Components of a data page
So what are the components of a data page? First off, you use the Redivis data platform to store your data set, which for free immediately means that your data is versioned. And then you use our custom data pages Quarto format to connect to this data to a Quarto website that you can configure and customize. At the center of this website are interactive visualizations created using Observable. So also you can add ggplot or whatever other visualizations you want. And all this results in a static website so it can be hosted on GitHub pages, but it has rich interactive functionality.
Getting started
I'm going to walk you through more concretely the steps you would follow to spin up a new data page. To get started, all you would need to do is use the data page GitHub template repo to create your own repo. And this gives you a template Quarto website that uses our custom data pages Quarto project type and format. And you then customize this website by adding information and formatting specific to your project and connecting it to the Redivis table with your data.
What you get
What do you get from doing all this? You get a website. The home page of your data page introduces your data set and features these automatically created interactive visualizations. So this means that users can get a feel for your data right away. And you can customize this through configuration, through like YAML variables, or by adding like any custom content you want, or by swapping out these templated visualizations. And a major area of focus for us is adding more configurability and more types of visualizations for you.

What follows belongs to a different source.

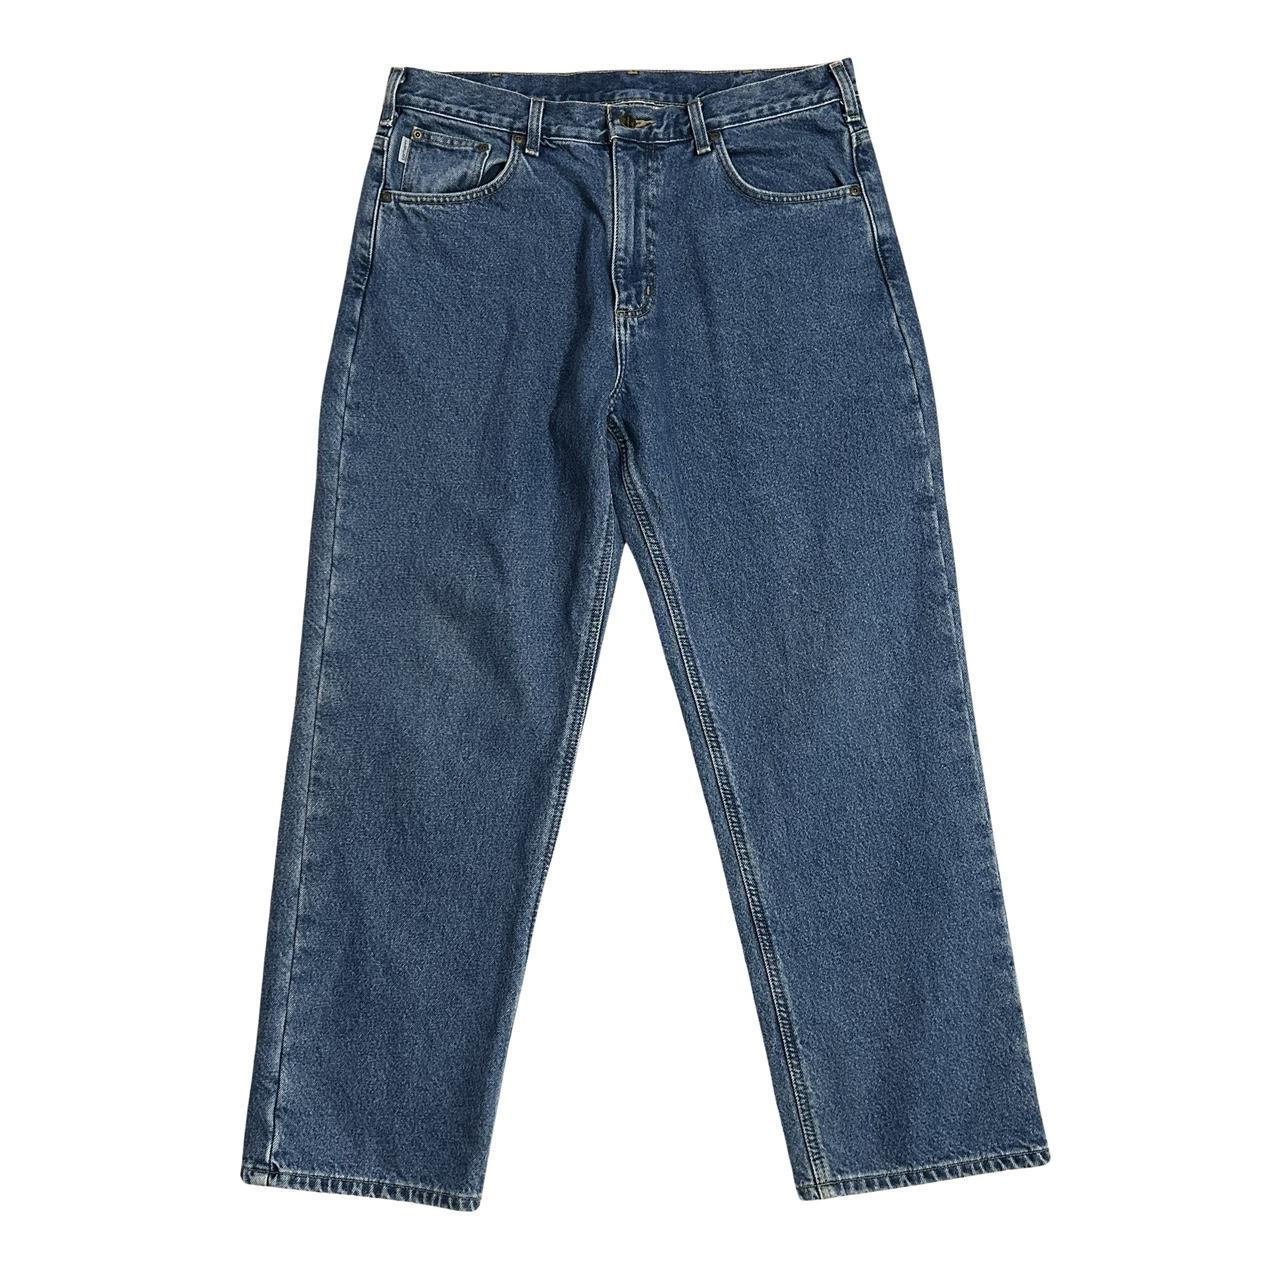 Carhartt fleece lined carpenter pants 📏Size 36 x... - Depop

In addition to the home page, other pages include the data page where there's an embedded table browser inserted through a custom shortcode. So users who might want to actually look at your data in more detail can use this browser to preview your data and your metadata. Even more involved users can go to the analysis page to see an automatically generated code snippet that tells them how to access the data directly from R or from Python. And then finally on the about page you can edit all this YAML to add links, to add citation information, and then you can add whatever content you want. And of course since this whole thing is a Quarto website you can add other pages, you can customize the styling, and use all the amazing features that Quarto now has and will have in the future.
If you go to datapages.github.io you'll see a gallery of the different data pages we've made and find out how to get started with making your own. Thank you.